Indy Rezone Kickoff Meeting

On July 5th from 6 to 8 pm, the Mayor is announcing the kickoff of a new program known as Indy Rezone at the Central Library.  The website and facebook page are under maintenance right now, but this program could be the start of something huge for the city.  Urban Indy hopes to use this opportunity to influence the city to push for city-wide form-based codes, as well as changing or even dropping the requirements for parking minimums.   We hope to see as many of our readers at this meeting as possible.

Comments 30

  • “dropping the requirements for parking minimums” – that would be huge, I hope it gets serious consideration.

  • Ballard and the powers that be will use “Indy Rezone” as a stepping stone to more taxpayer-funded projects that primarily benefit private parties. The City for example funded the Lilly hotel complex, when no other entity would touch it. That’s how things work in Indy, pay to play.

    The City could take any number of steps to improve the lives here, like funding more buses inside 465, and addressing zoning (and weeds) violations proactively. They don’t, because there’s no money to be made. Big profits come from big projects, which is why we’re spending over $200,000 per unit for low-income housing at 16th and College, when hundreds of decent houses can be had for $50,000.

    I realize this sounds negative, but good grief, we tore down the first NFL stadium before it was even paid off.

    My other concern is the tone of the thing, this bit sounds like something from Ceausescu: “Marion County‟s gross density is 3.51 persons per acre (1.67 dwelling units per acre), which is well below a sustainable density”. So what ? If people want to live in denser areas, they can. Do we have to force everyone, a la Portland, to cram into as little space as possible ? Huge tracts of Marion County are farmland.

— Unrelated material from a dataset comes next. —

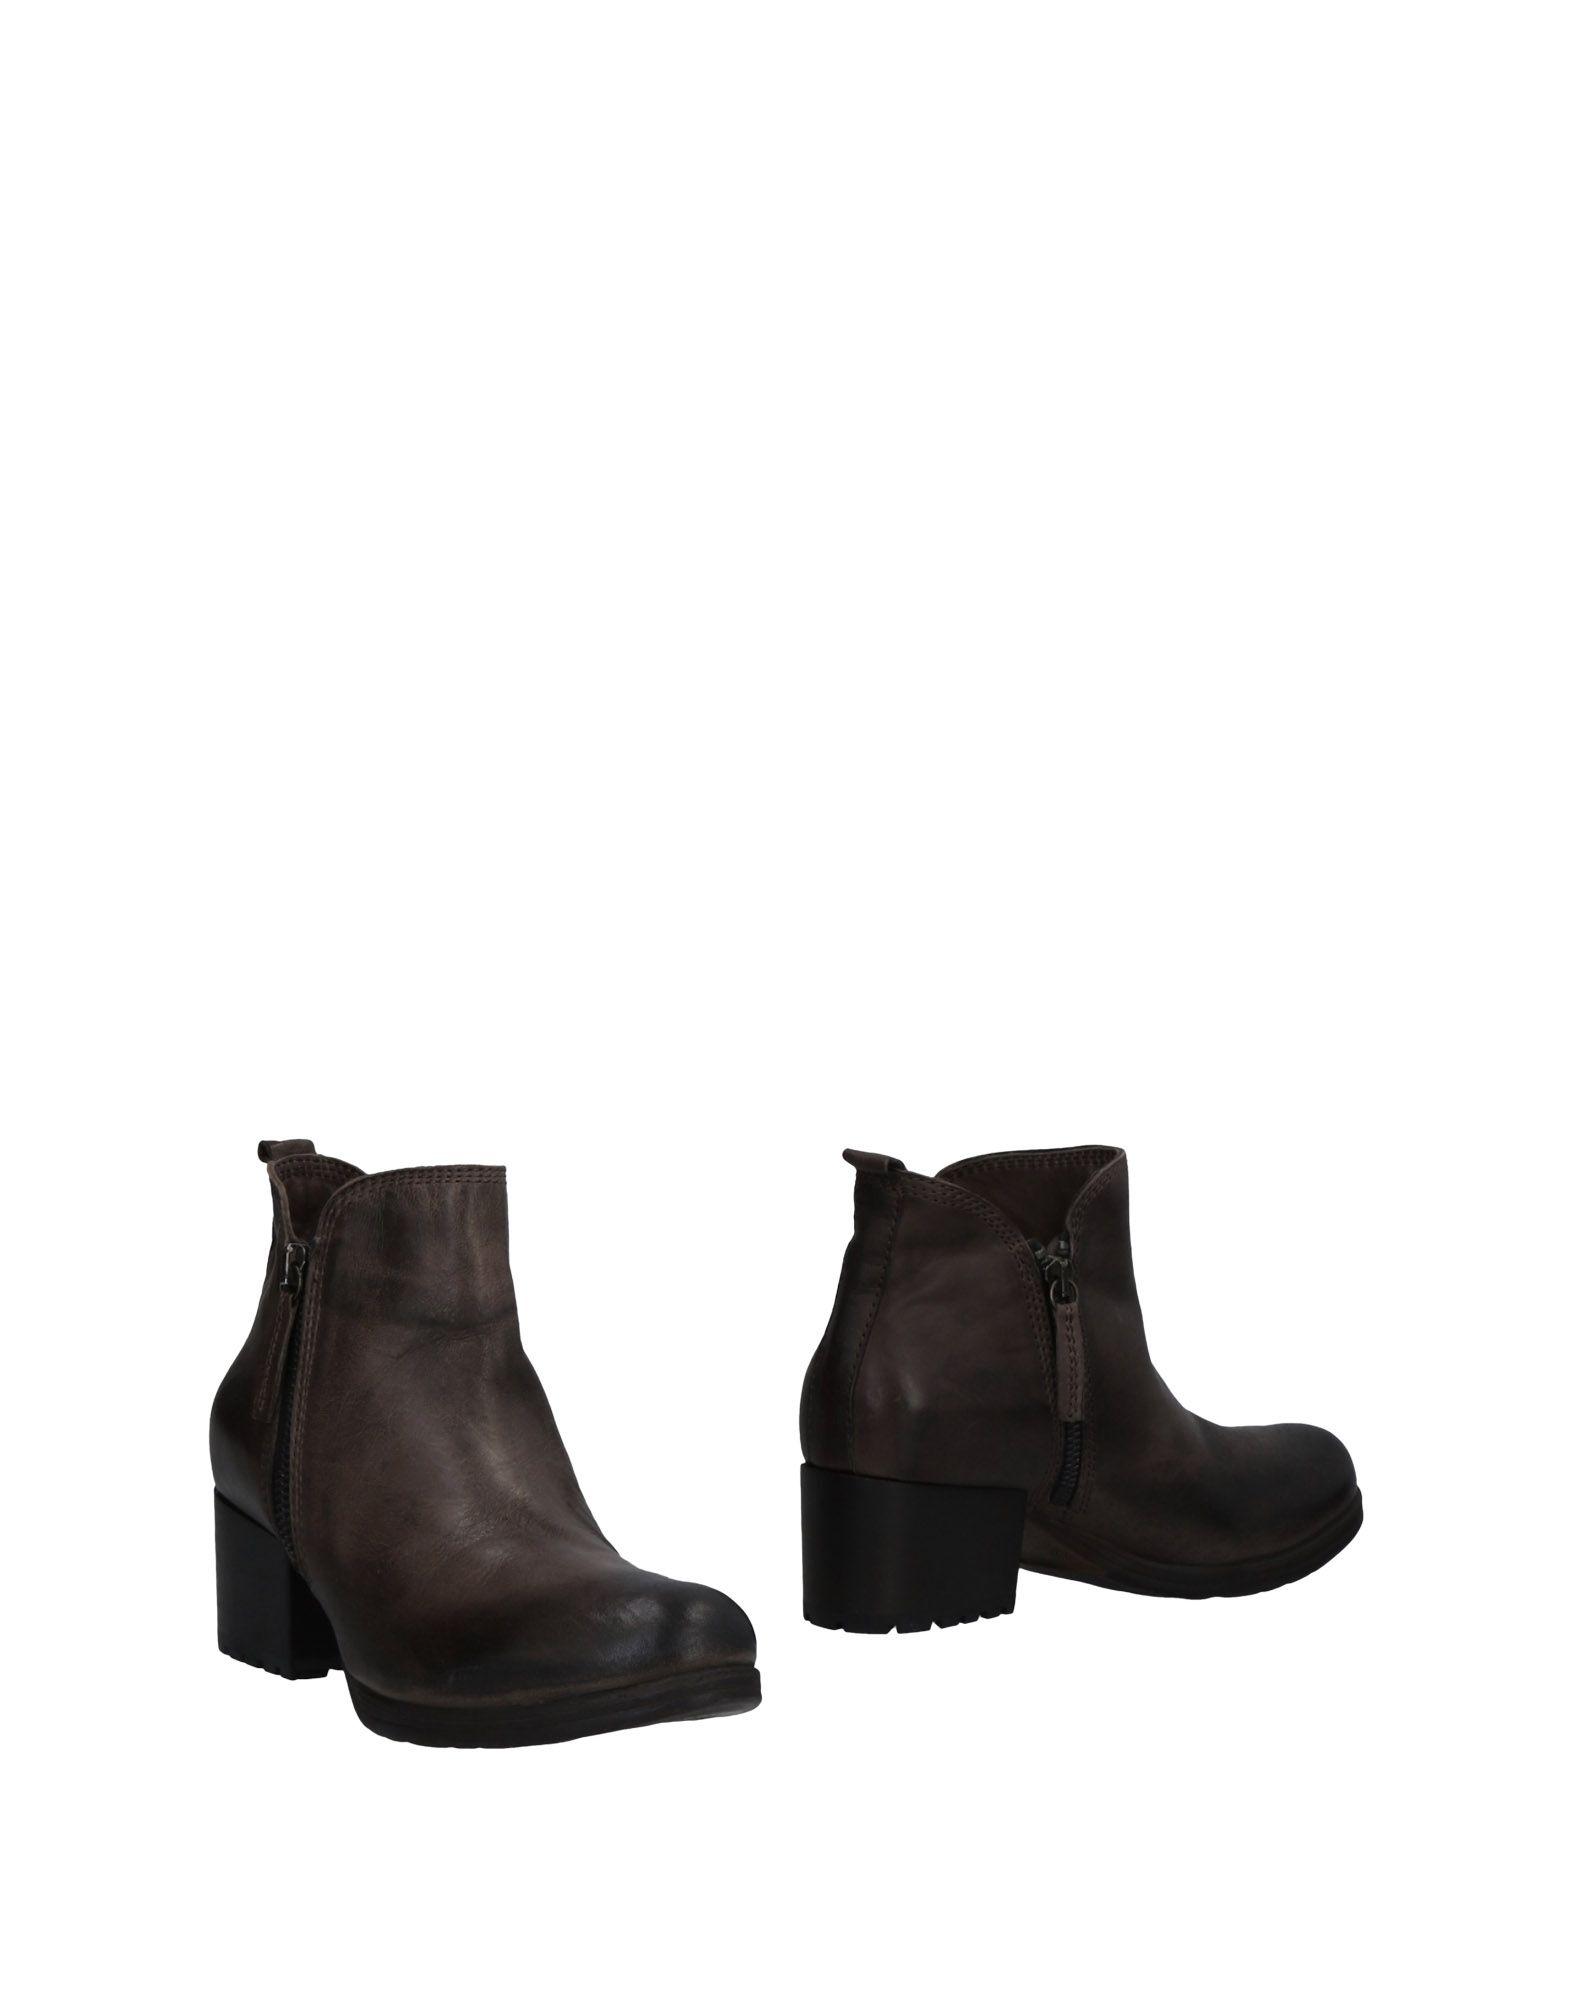 Stilvolle billige Stiefelette Schuhe Studio By Volpato Stiefelette billige Damen  11486874SE 224085
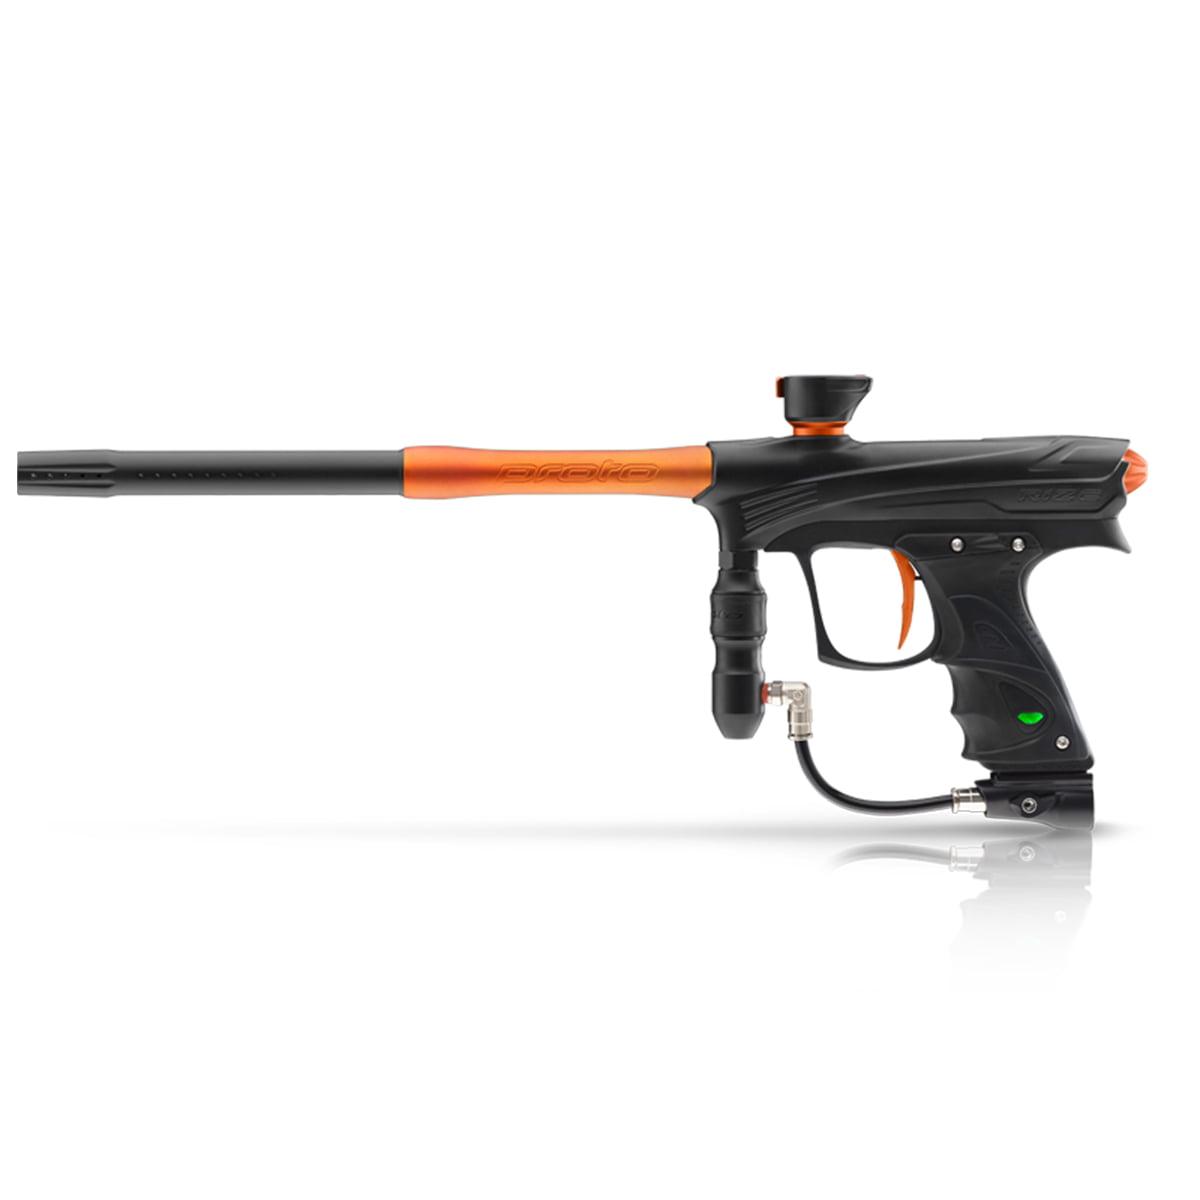 Proto Rize MaXXed Paintball Marker Black   Orange by Dye Precision

    The info about this effort is at:

    • Gene you make a good point about density but currently, ALL of Marion County is developed like that. For whatever reason, some people do not have the choice to move away be it family, job, etc whatever. Shouldn’t we be able to craft our development policies to make at least some of our city favorable for people who want to live that way? It currently is not. From my perspective, the policy is written I feel like I am “forced” to live in a city which promotes spread out living.
      For me, this initiative represents a way to change that, and provide more options. In terms of markets, we are influenced far one way by current policy.

    • Additionally, not all of Portland is “crammed into as little space as possible”. They still have lots of transportation problems because large empoyment centers exist on the edge of their developable land. They are not all crammed in as you assert. However, at least in Portland, people have the choice to live in dense downtown, where you can live without a car, walk everywhere and use MAX and streetcar.
      Conversely, we do not have that option here. The resulting difference are the cast oceans of parking lots we have here which contrinute nothing to the urabn environment, destroy connectivity and create environmental problems.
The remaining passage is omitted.